- Born: Katherine B. Holt 1977 (age 48–49) United Kingdom
- Education: University of Oxford
- Awards: Edward Harrison Memorial Prize (2007)
- Scientific career
- Fields: Electrochemistry In-situ spectroscopy Surfaces Electrolytes
- Workplaces: University of Texas at Austin University College London
- Thesis: Characterisation and Applications of Boron-Doped Diamond Electrodes (2002)
- Doctoral advisor: John Foord
- Website: iris.ucl.ac.uk/iris/browse/profile?upi=KHOLT76

= Katherine Holt =

British chemist

Katherine B. Holt (born 1977) is a British chemist who is a professor at University College London. She serves as Vice Dean for Education in the Department of Mathematics and Physical Sciences. Her research investigates the development of carbon-based electrodes and electrocatalysis.

== Early life and education ==
Holt was born in the United Kingdom. Her parents were both chemistry teachers and she grew up around chemistry textbooks. She studied chemistry throughout high school, and was accepted to study in the Department of Chemistry at the University of Oxford. During her final year at Oxford, she joined the research group of John Foord, with whom she studied diamond thin films. She focussed on the creation of boron-doped diamond, which could be used as highly conductive electrodes. Holt stayed at the University of Oxford for doctoral research, where she looked to apply her conductive diamond films to electrochemical water waste treatment.

== Research and career ==
Holt became interested in research in the United States, and applied to the laboratory of Allen J. Bard at the University of Texas at Austin, where she started to work on biological systems, such as studying the impact of silver ions on Escherichia coli respiration. After two years in Texas, Holt returned to the United Kingdom, where she joined University College London. She worked as a Centenary Ramsay Fellow. She was appointed an Engineering and Physical Sciences Research Council advanced research fellow in 2006 and a lecturer at University College London in 2007. In 2018 she was promoted to Professor of Chemistry at UCL.

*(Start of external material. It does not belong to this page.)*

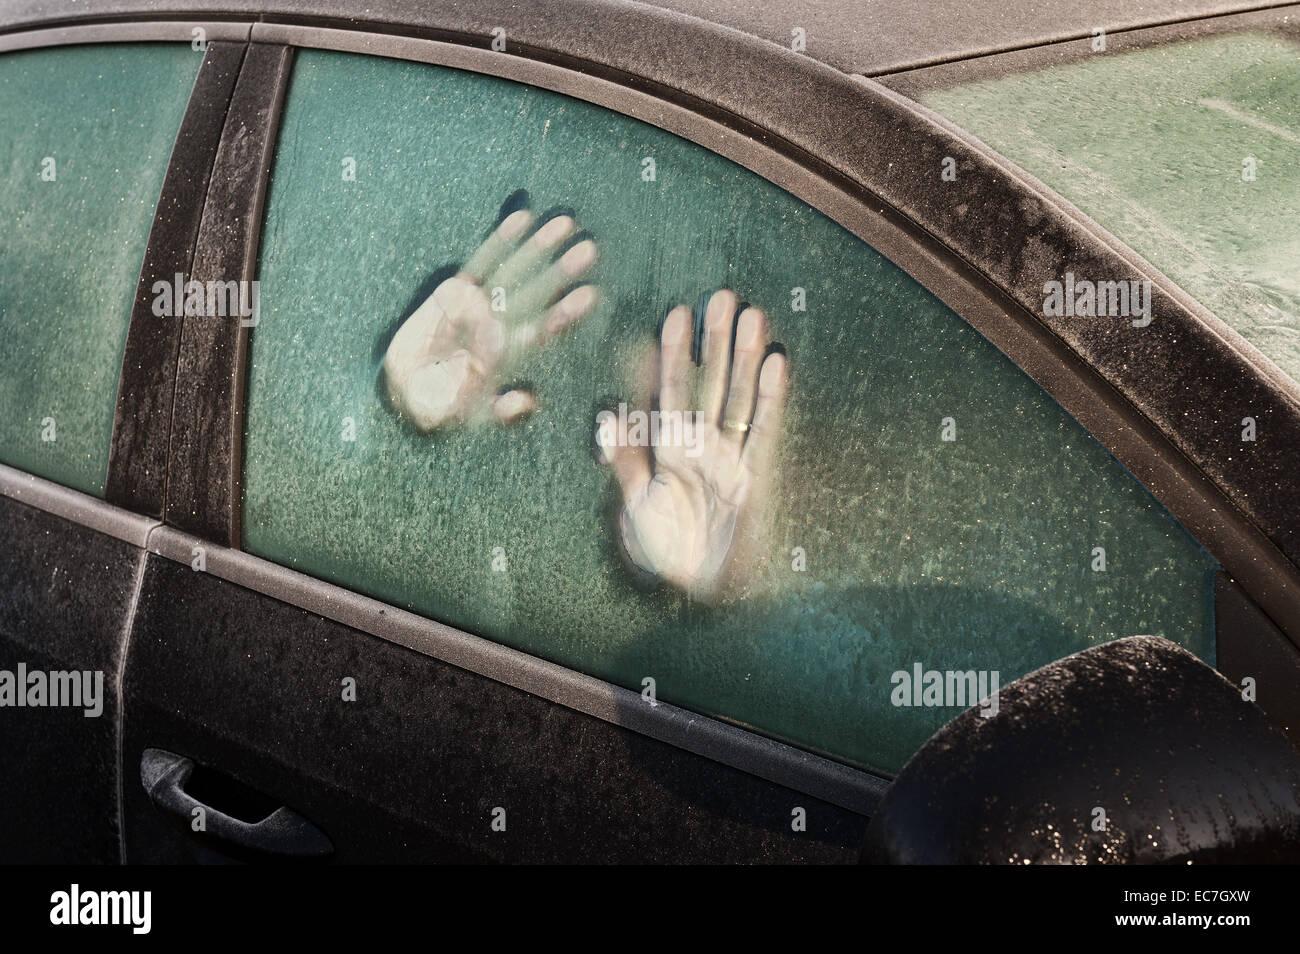 Impresión de mano como huellas de escarcha fundida en la ventana a la idea de coche atrapado dentro de sobrevivientes Imagen De Stock
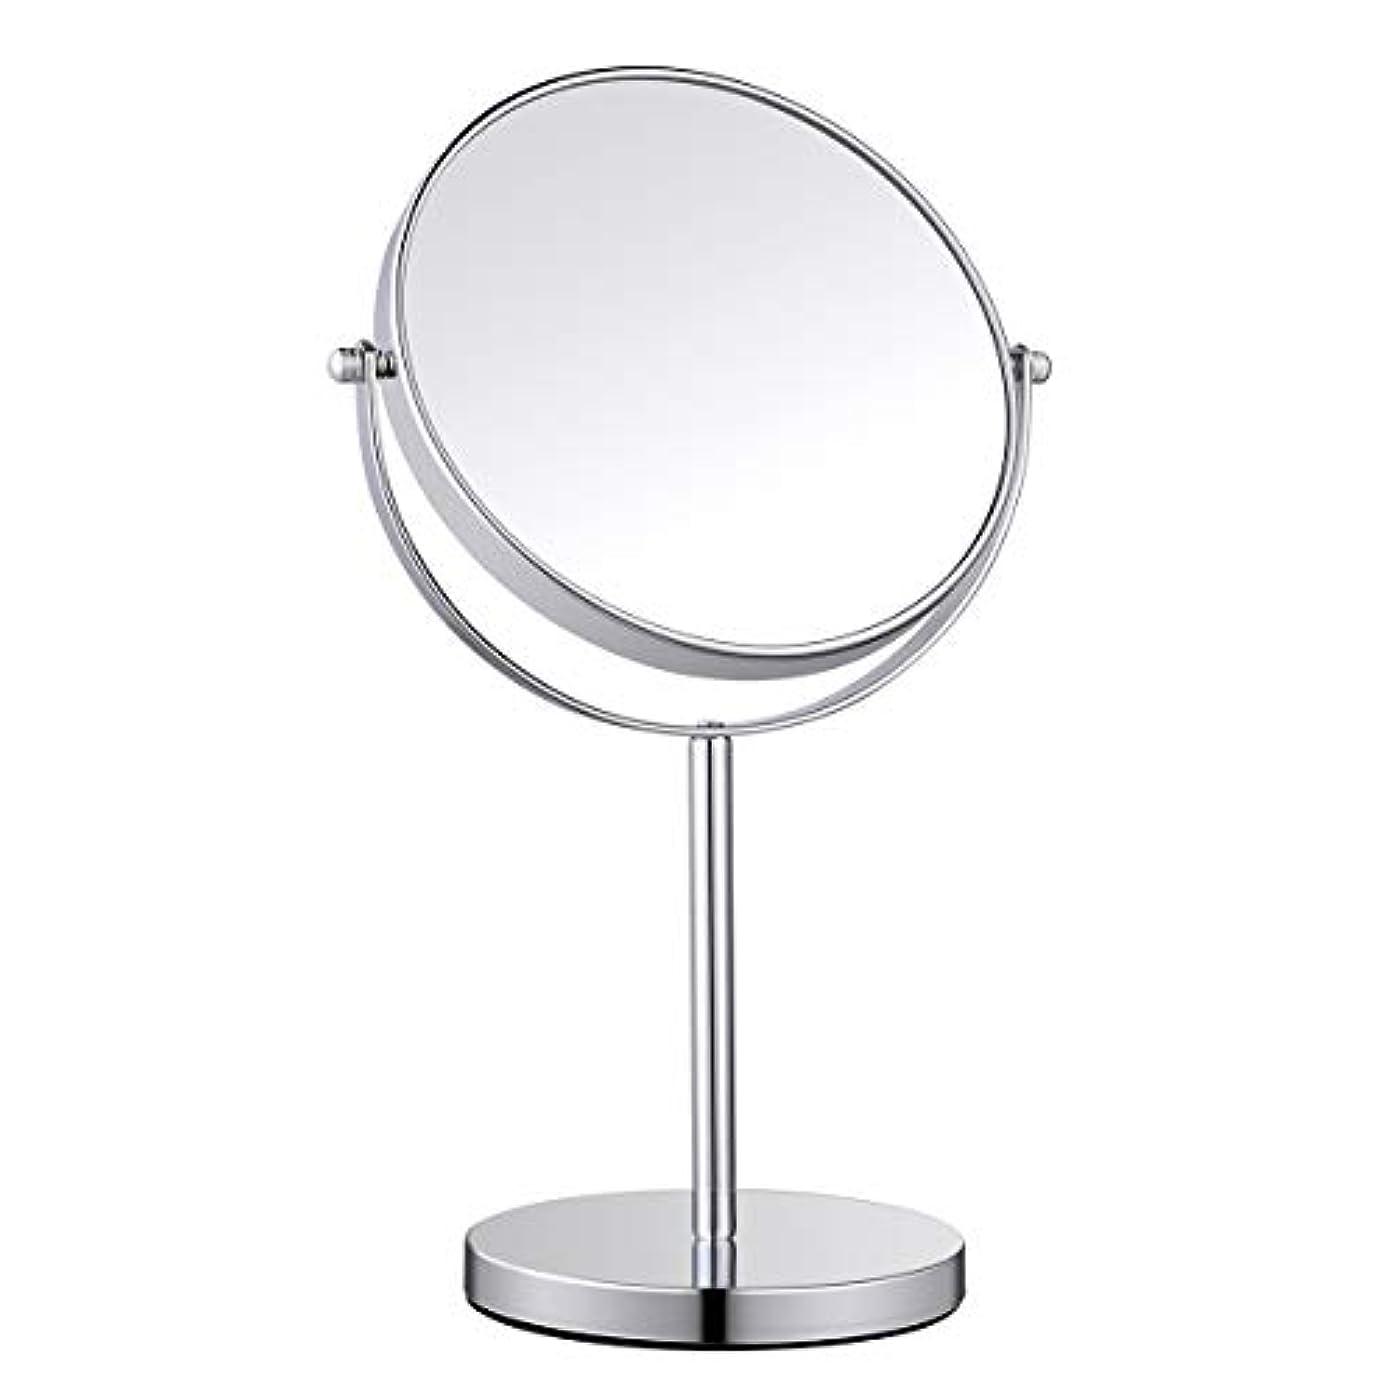 ホテル革命黒板Ovonni 卓上鏡 化粧鏡 卓上ミラー 両面鏡 360°回転 等倍鏡&3倍拡大鏡 光学レンズ高解像度 シンプル (太い 鏡面20cm)

Holt's research investigates the use of chemistry to better understand biological processes. In particular, she has studied the creation and application of functional diamonds-based nanomaterials. She has shown that boron-doped and nanocrystalline diamond can be grown on metals using chemical vapor deposition, creating highly conductive thin films that can be used to detect metabolic products of living cells. She has studied diamond nanoparticles, which may find application in drug delivery and cellular imaging. Holt showed that diamond can be redox active, a surprising observation given diamond has a bandage of 5.47 eV and is generally considered an insulator. Instead, Holt believes that the redox properties of diamond originate in unsaturated surface bonds, as these interactions can dominate when nanoparticle size is < 5 nm.

==Awards and honours==
Holt was awarded the Edward Harrison Memorial Prize by the Royal Society of Chemistry (RSC) in 2007.